Aqui descrevemos um método simples e econômico para implementar impressões digitais moleculares em aulas práticas de graduação.

Para testar a variação genética no lócus D1S80, é necessária a coleta de amostras biológicas humanas juntamente com a extração e análise de DNA. É essencial que o uso ético dos espécimes biológicos humanos seja assegurado durante todo o processo. O gerenciamento de amostras é controlado dentro de um quadro regulatório abrangente que garante o uso correto de amostras e dados associados18 (por exemplo, consentimento para o uso de material biológico humano). Os participantes devem ser devidamente informados sobre o uso de suas amostras, o risco de descoberta de anomalias nas relações genéticas (por exemplo, para indivíduos relacionados), proteção de privacidade e intenções para armazenamento futuro dos espécimes biológicos e dados. Todos os doadores (estudantes ou colegas) devem dar consentimento livremente e entender o direito de retirada sem dar motivo. Em geral, é indispensável se familiarizar com as respectivas diretrizes e regulamentos para a gestão de amostras humanas antes de realizar esta aula de laboratório.

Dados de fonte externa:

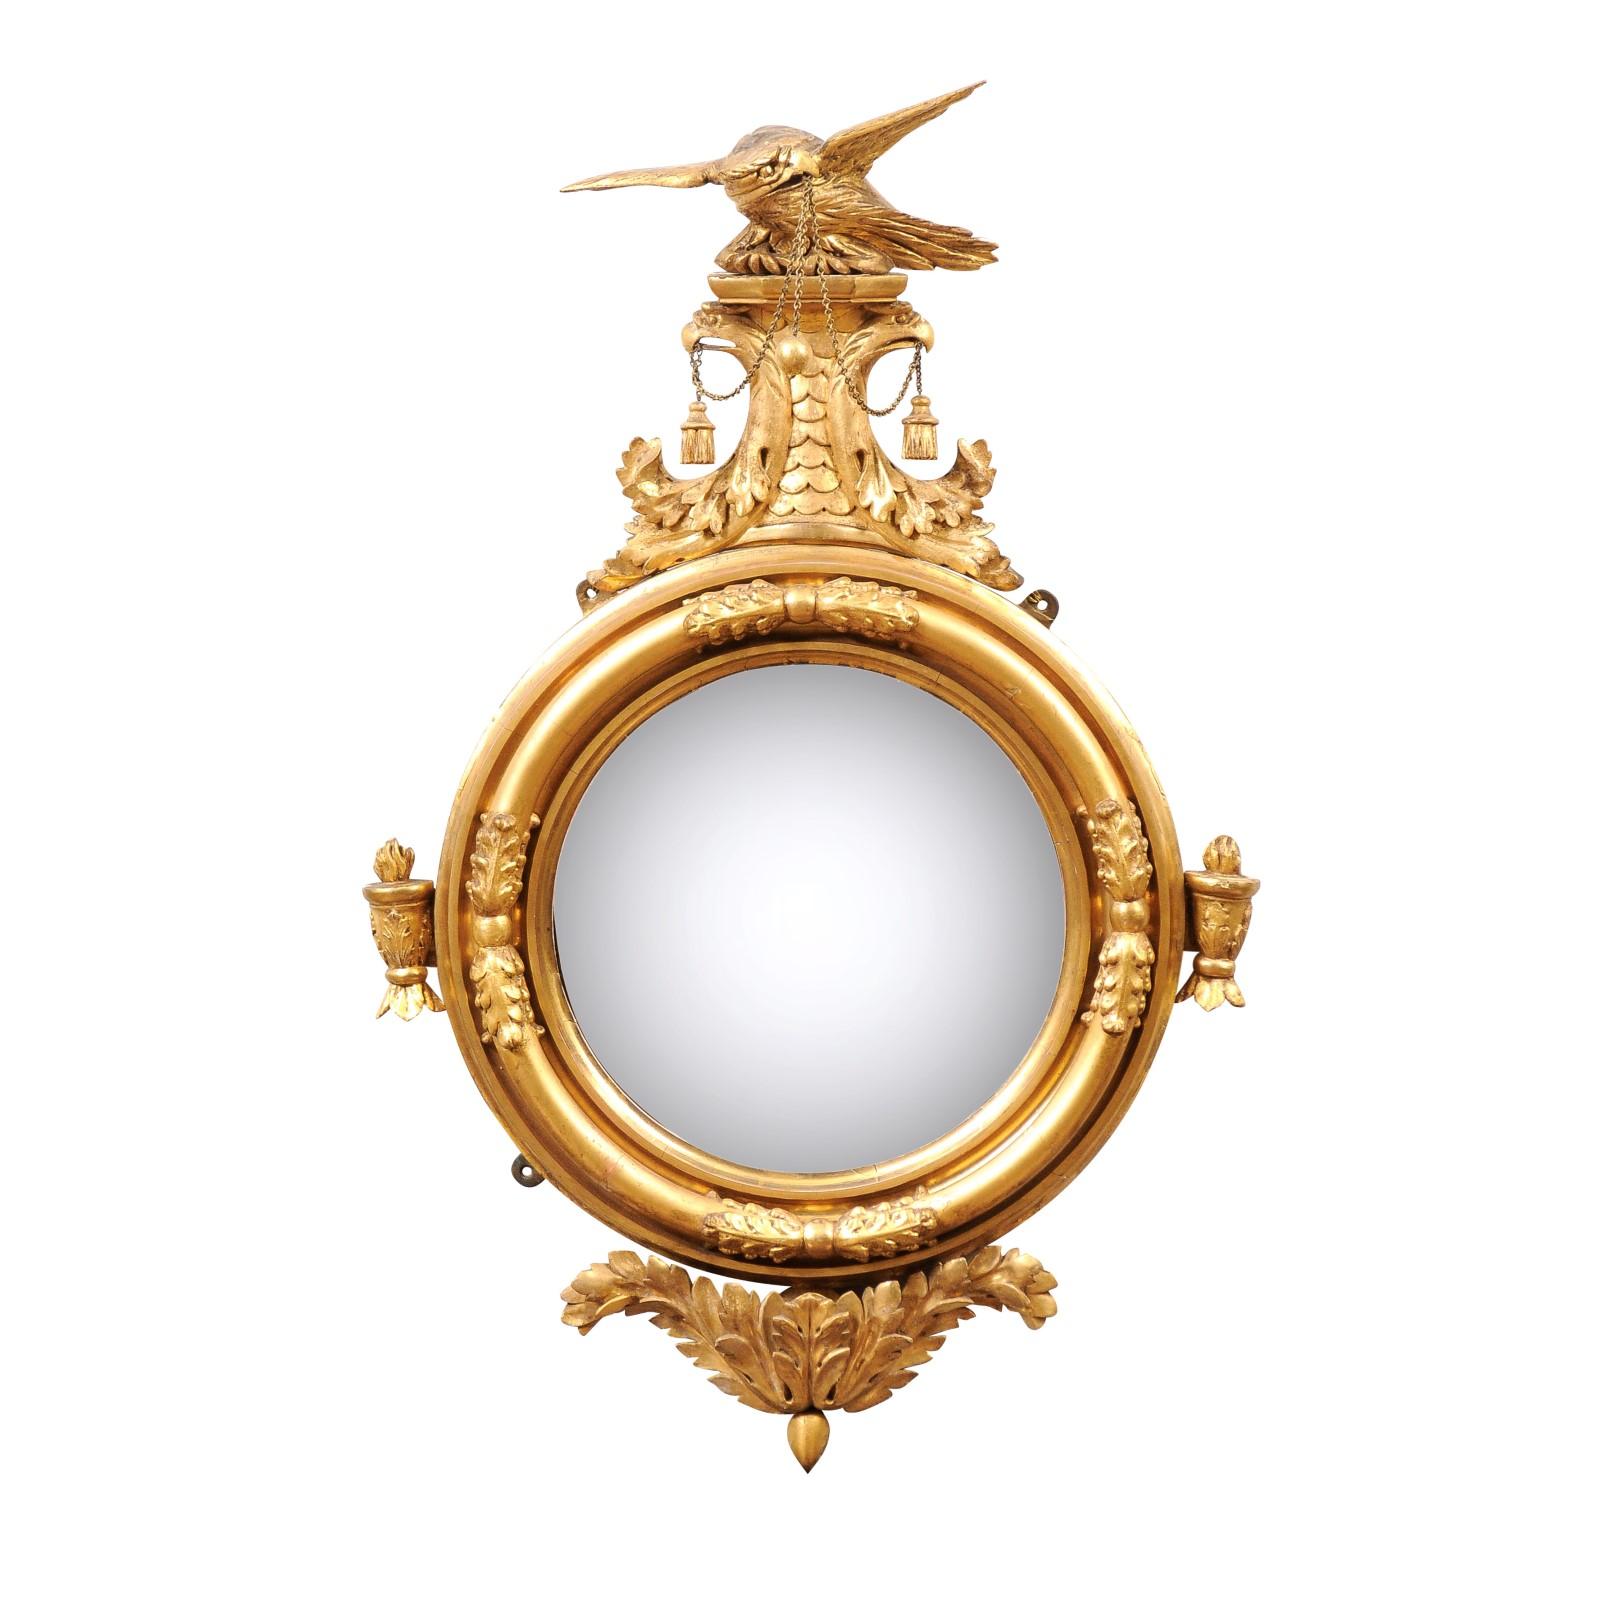 English Regency 19th Century Bull’s Eye Mirror with Eagle Crest and carved Acanthus Leaf Detail

Para a coleta de células epiteliais de mucosa bucal em cursos de laboratório de graduação, deve-se tomar cuidado para evitar a contaminação das amostras de DNA com DNA do operador ou com DNases. Recomenda-se que jalecos, luvas e óculos de proteção sejam sempre usados, bem como cotonetes estéreis e tubos de microcentrifusagem. A colheita de células à base de cotonete bucal é considerada um método conveniente e econômico para a coleta de material genético adequado para análise vntr baseada em PCR, pois é relativamente barata e não invasiva. Ao lado de cotonetes bucais, a saliva é o método de amostragem oral mais comum para pesquisa médica. Foi demonstrado que os cotonetes buccal contêm uma proporção maior de células epiteliais do que a saliva, tornando-as mais confiáveis no fornecimento de quantidade e qualidade suficientes de DNA para a análise D1S80 VNTR baseada em PCR19,20. Além disso, os cotonetes buccal podem ser enviados após a auto-coleta superando impedimentos geográficos quando utilizados, por exemplo, em estudos de diversidade populacional21.

A extração de DNA tornou-se relativamente fácil devido ao desenvolvimento de kits de extração de diferentes empresas. No entanto, o uso desses kits pode não ser adequado em aulas de laboratório devido a recursos financeiros limitados. Aqui, apresentamos um método fácil, rápido e econômico para extração de DNA a partir de amostras humanas sem a necessidade de um kit de extração de DNA comercialmente disponível. O método de extração de DNA descrito não usa solventes orgânicos, em vez disso, proteínas celulares são removidas aumentando a concentração de sal usando uma solução de acetato de potássio de 8 M. Este método também permite o manuseio de várias amostras ao mesmo tempo e produz em DNA suficiente para várias análises genótipos para cada amostra.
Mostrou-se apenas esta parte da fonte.